Мы приблизимся к ней, если мы сумеем достигнуть образа-посредника (image mediatrice), о котором я сейчас говорил, – образа, который еще почти материя, поскольку его можно видеть, и почти дух, поскольку его нельзя более осязать, – того призрака, который не покидает нас, пока мы бродим вокруг системы, и к которому следует обратиться, чтобы получить решительный знак, решительное указание, какое нам занять положение, с какой точки зрения начать рассматривать доктрину. Существовал ли когда– нибудь этот образ-посредник, вырисовывающийся в уме истолкователя по мере того как он углубляется в изучение разбираемого им творения, существовал ли он в этом виде и в голове самого изучаемого мыслителя?[54] Если это и не был тот же самый образ, то это был другой, который мог принадлежать к совершенно иному порядку восприятий, мог не иметь никакого материального сходства с ним, и который в то же время был эквивалентным ему, как эквивалентны между собой два перевода на различных языках одного и того же оригинала. Может быть, в голове философа были оба эти образа, а, может быть, были в ней и другие, тоже эквивалентные образы, все зараз, следуя хороводом за философом во всех превращениях его мысли, а может быть, он не заметил ни одного такого образа, довольствуясь тем, что изредка вступал в непосредственное соприкосновение с той, еще более тонкой и воздушной сущностью, какой является сама интуиция. Но мы, как толкователи его мысли, вынуждены восстановить этот промежуточный образ, если не желаем говорить о “первичной интуиции, как о неясной, смутной мысли, и о духе учения”, как об абстракции, в то время как этот дух есть самая конкретная часть философской системы, а эта интуиция самый точный элемент ее».

Эту мысль свою об «образе-посреднике» Бергсон иллюстрирует примером того же Беркли; и как ни затянулась моя выписка, я не могу устоять против искушения привести эти чудесные строки: они слишком идут к делу.

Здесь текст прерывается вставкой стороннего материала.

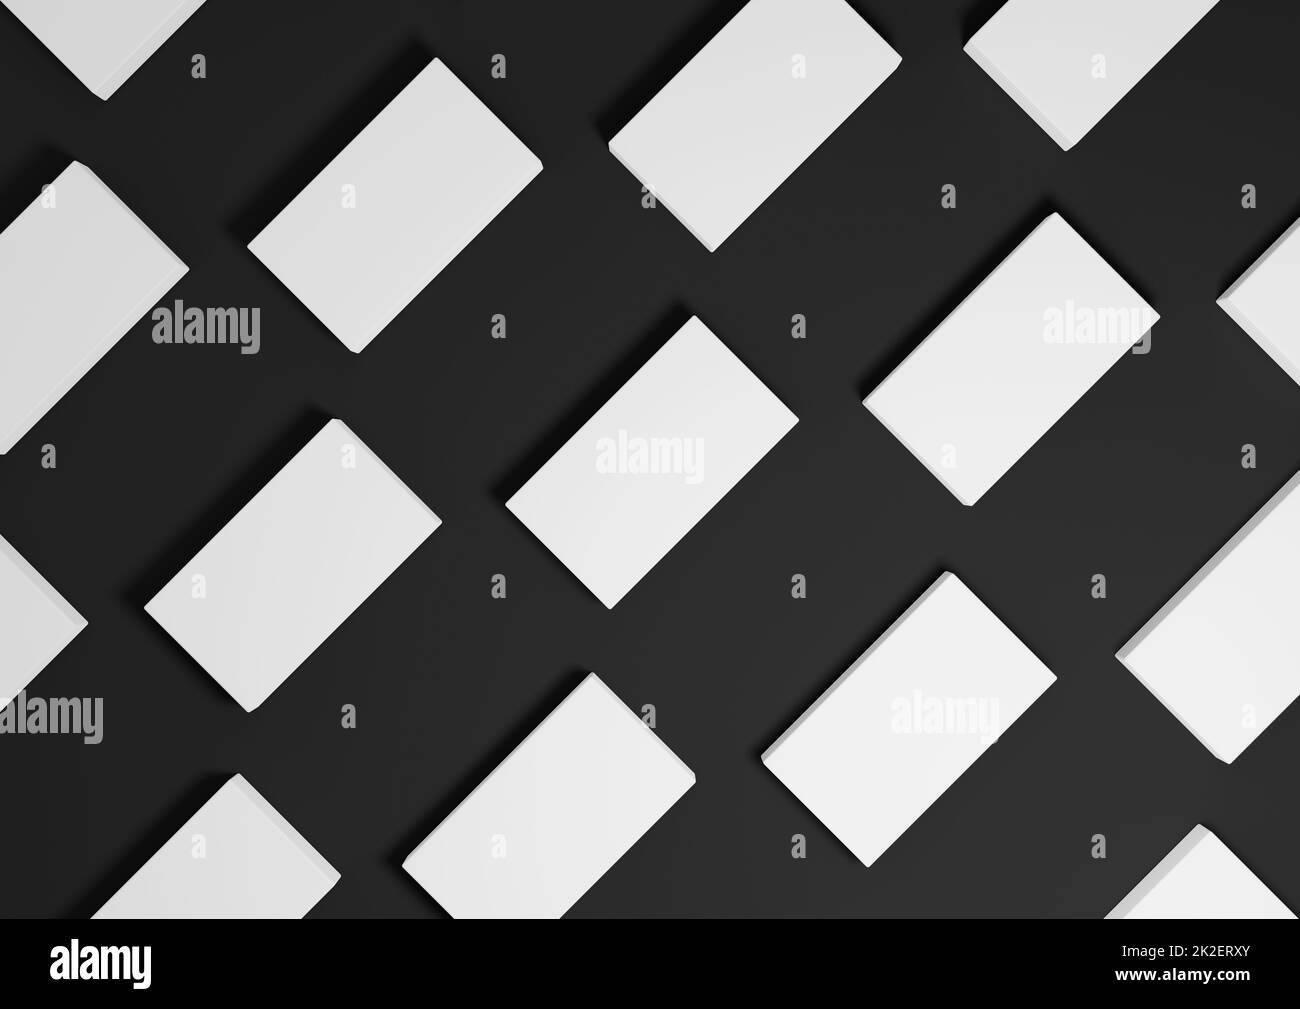 Nero, grigio scuro, bianco e nero, rendering 3D minimal, semplice, moderno display piatto con vista dall'alto sullo sfondo con supporti quadrati ripetitivi in un motivo Foto Stock

«У Беркли я различаю, как мне кажется, два различных образа, и меня лично особенно поражает вовсе не тот, точное указание на который мы находим у самого английского мыслителя. Мне кажется, что Беркли воспринимает материю, как тонкую прозрачную пленку, находящуюся между человеком и Богом. Пока философы не занимаются ею, она остается прозрачной, и тогда через нее можно видеть Бога. Но лишь только прикоснется к ней метафизик – или хотя бы даже здравый смысл, поскольку он является метафизиком, – как пленка эта становится шероховатой, плотной, непрозрачной, образует как бы экран, потому что позади нее проскальзывают слова вроде Субстанции, Силы, абстрактной Протяженности и пр., которые отлагаются там в виде слоя пыли и мешают нам разглядеть через пленку Бога. Образ этот едва намечен самим Беркли, хотя мы и встречаем у него такое доподлинное выражение: “мы подымаем пыль и потом жалуемся, что не видим”. Но есть другое сравнение, часто употребляемое нашим философом и являющееся лишь слуховой транспозицией описанного мной сейчас зрительного образа. Согласно этому образу, материя есть тот язык, на котором говорит с нами Бог. Метафизики материи, уплотняя каждый из слогов, создавая из него особую независимую реальность, отвращают таким образом наше внимание от смысла речи на звуки и мешают нам следить за божественным глаголом. Но за какой бы образ мы ни ухватились, в обоих случаях мы имеем дело с простым образованием, которое надо твердо держать перед глазами, потому что если оно и не есть интуиция, творчески породившая все учение, то оно вытекает из нее непосредственно и приближается к ней больше, чем любой из тезисов, взятых в отдельности, и даже больше, чем все они вместе взятые».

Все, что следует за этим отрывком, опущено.